And the saddest one of all:

  • Too tired to read

I used to love staying up late into the night devouring a book.

Now I’m lucky if I can make it through ten pages a night, and eight of those pages are ones I’ve had to re-read because I’ve forgotten major plot points and characters (who’s this Mr. Darcy they keep mentioning? Ah well. Probably not that important).

I’ve come to terms with it, mostly. I’ve retired from the epic reads.

I had to put away War and Peace (just so much war and so much peace, you know? It’s a little much).

Shelved Paradise Lost. Wait… not Paradise Lost. I mean Murder in Paradise. The Sweet Valley High Super Thriller #6 where Jessica and Elizabeth’s mom, Alice, wins a trip to a fancy spa but unfortunately it turns out to be a set-up because someone wants to steal her face (ugh hate when that happens).

Murder in Paradise

Great book. But had to shelve it. Just too heavy for me right now.

My new reading material has to be something fast. Something light. But something that packs a punch. I still want to be thrilled. I’m still me, after all.

When I asked my mom friends for recommendations, the one title that kept coming up was Nina Laden’s Peek-a WHO? 

Peek-a WHO cover

After I read it, I understood why. Peek-a WOW!

Peek-a WHO? is like Gone Girl lite. It’s your classic whodunit kind of story, complete with twists and turns, red herrings and a chilling ending that you will not see coming.

It’s written in a sparse manner, allowing the reader to fill in the blanks (and not have to remember any unnecessary character names—score!). There’s not a lot of character development or back-story—you’re immediately placed right into the action. You hit the ground running, so be ready.

WARNING: SPOILER ALERTS

From what I understood, the basic premise of Peek-a WHO? is that there has been a murder.

We are not entirely sure of who has been murdered or why or in what manner (death by bludgeon, I surmised), but we have been presented with a list of suspects and evidence, from which we must glean information and piece together the puzzle.

THE SUSPECTS OF PEEK-A WHO? 

(Note: actual suspects from the book not pictured. These are my approximations.)

Was it…

 

 

“Peek a MOO!”
THE COW

Peek a WHO Cow

What can we tell about the cow?

Standing idly in a patch of grass, looking innocently wide-eyed and content. But perhaps a little too wide-eyed. Flecks of dirt and mud decorate the cow’s black and white body, leaving the white parts stained. Tainted. Where did the mud come from? The patch of grass appears firm, with packed soil. A cow grazing in this field would not have been splattered with mud.

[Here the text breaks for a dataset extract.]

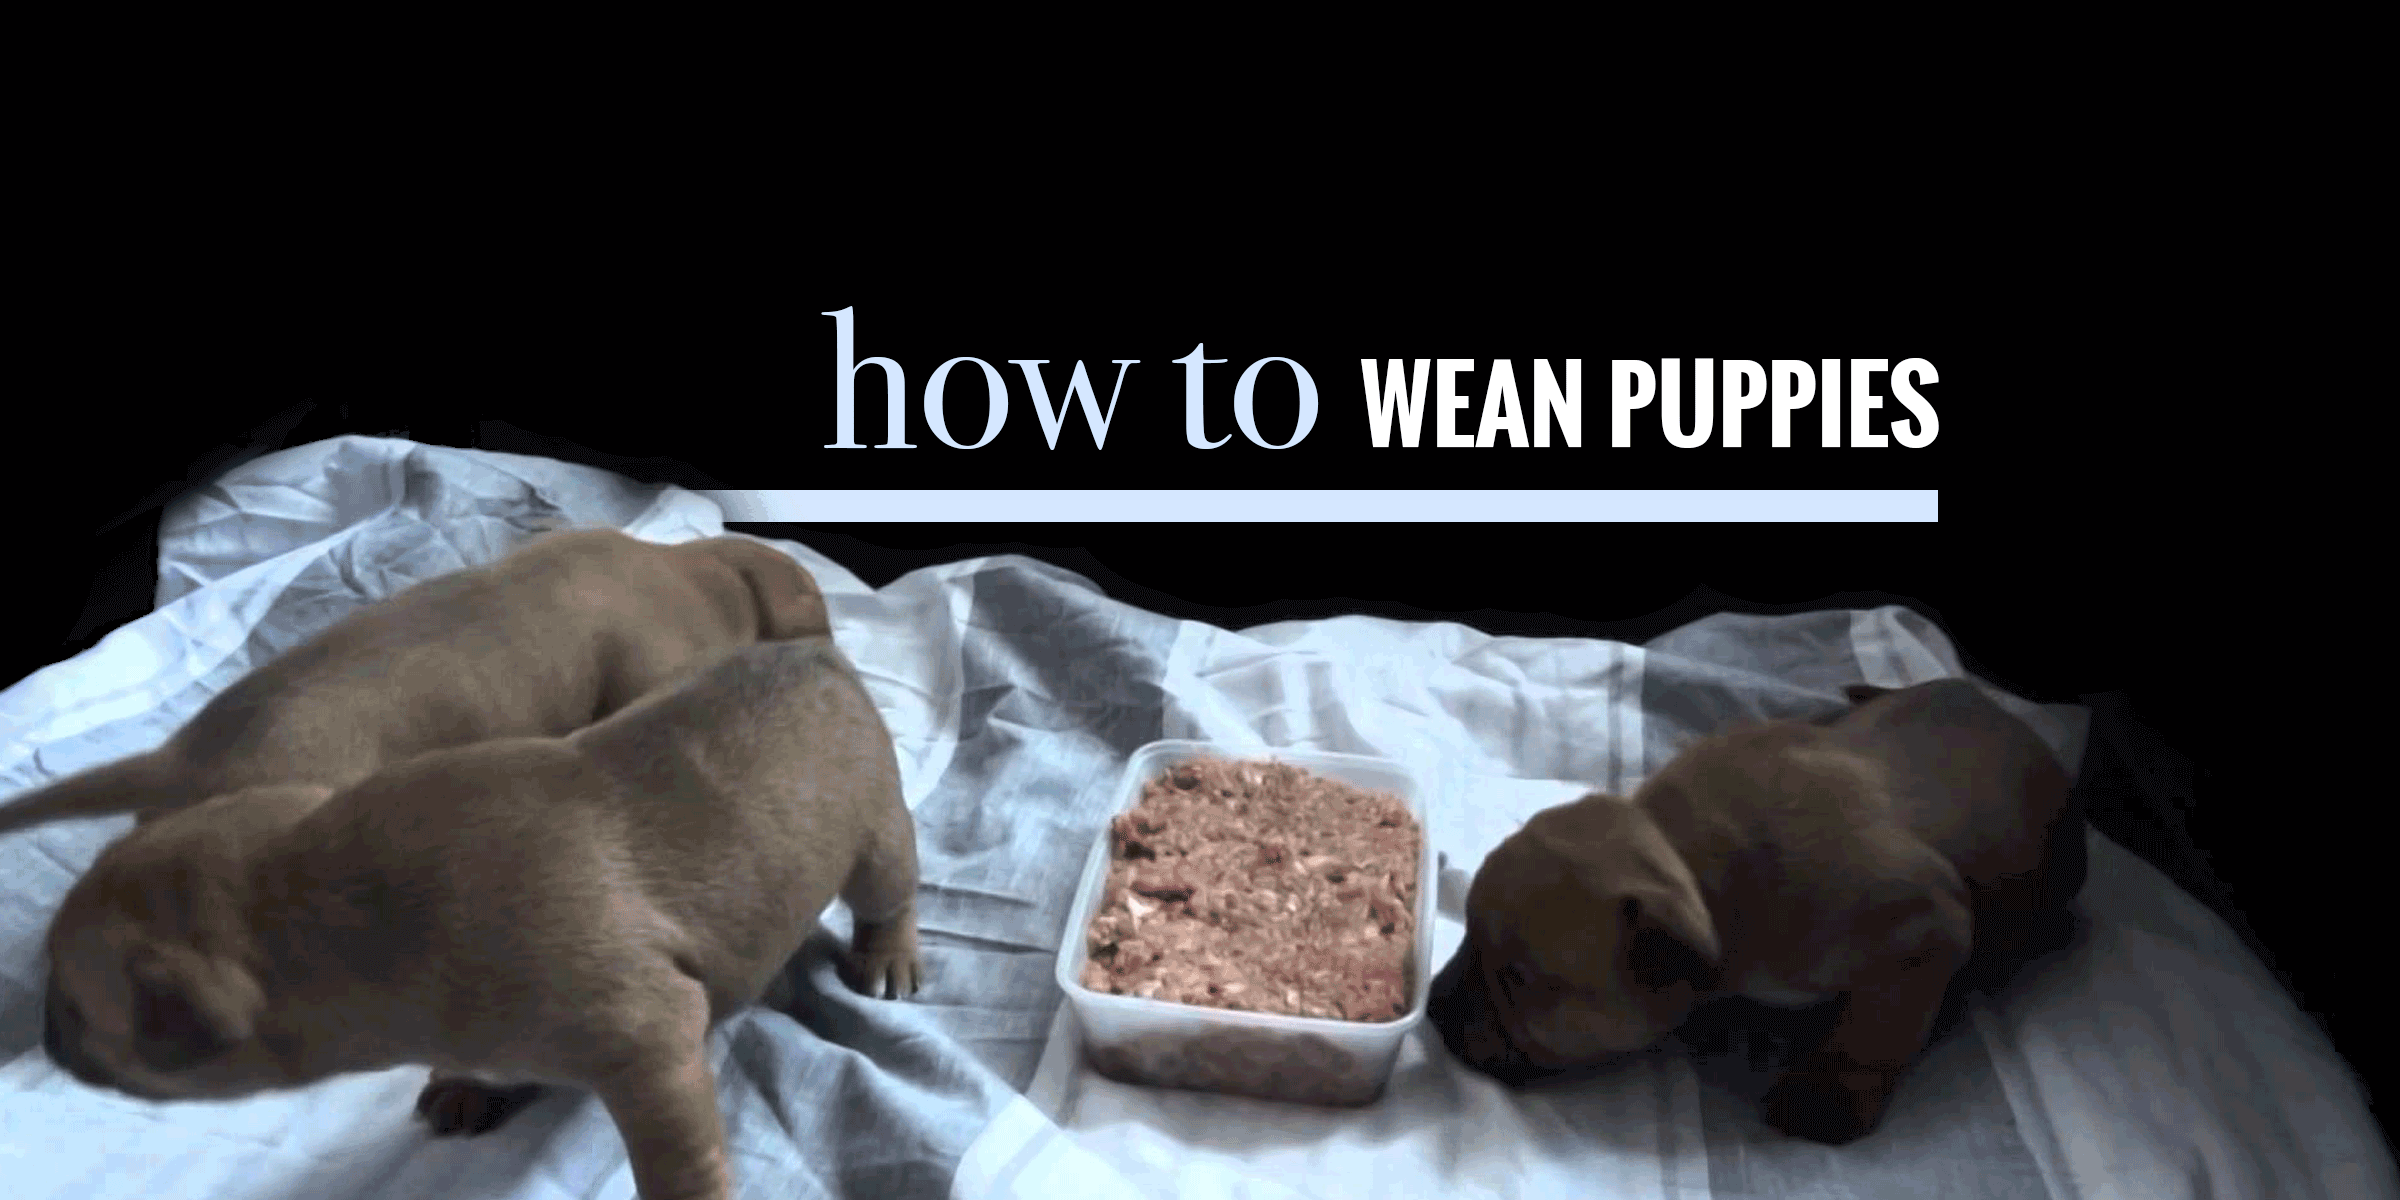 when can puppies eat food and drink water

And upon closer inspection, the cow’s udders appear full. Un-milked. The pink teats hang down, heavy, drooping. Why would this be, unless someone missed her morning milking session?

Cow probably wandered off into a different pasture and had a nap, you say.

Could be. But it could also be false.

Had a cow ever committed murder before? I wasn’t sure, but I had to investigate every suspect. Especially those without an alibi for the milking hours of 10-11AM.

I decided I would give Cow the benefit of the doubt for now, but something wasn’t sitting right.

“Peek a BOO!”
THE GHOST

Peek a WHO Ghost

Things just got interesting.

Here, Laden brings in the idea of the supernatural—do you believe in ghosts? In paranormal forces of evil? Did a spirit or apparition commit this murder?

The ghost pictured is an ominous sight, indeed. Bright green. Traditional ghost shape. Bulging eyes. No nose. Bit full in the hips (I hear ya, buddy).

I must admit that I instantly dismissed the idea of supernatural forces having anything to do with this case. I don’t believe in ghosts or ghouls, after all.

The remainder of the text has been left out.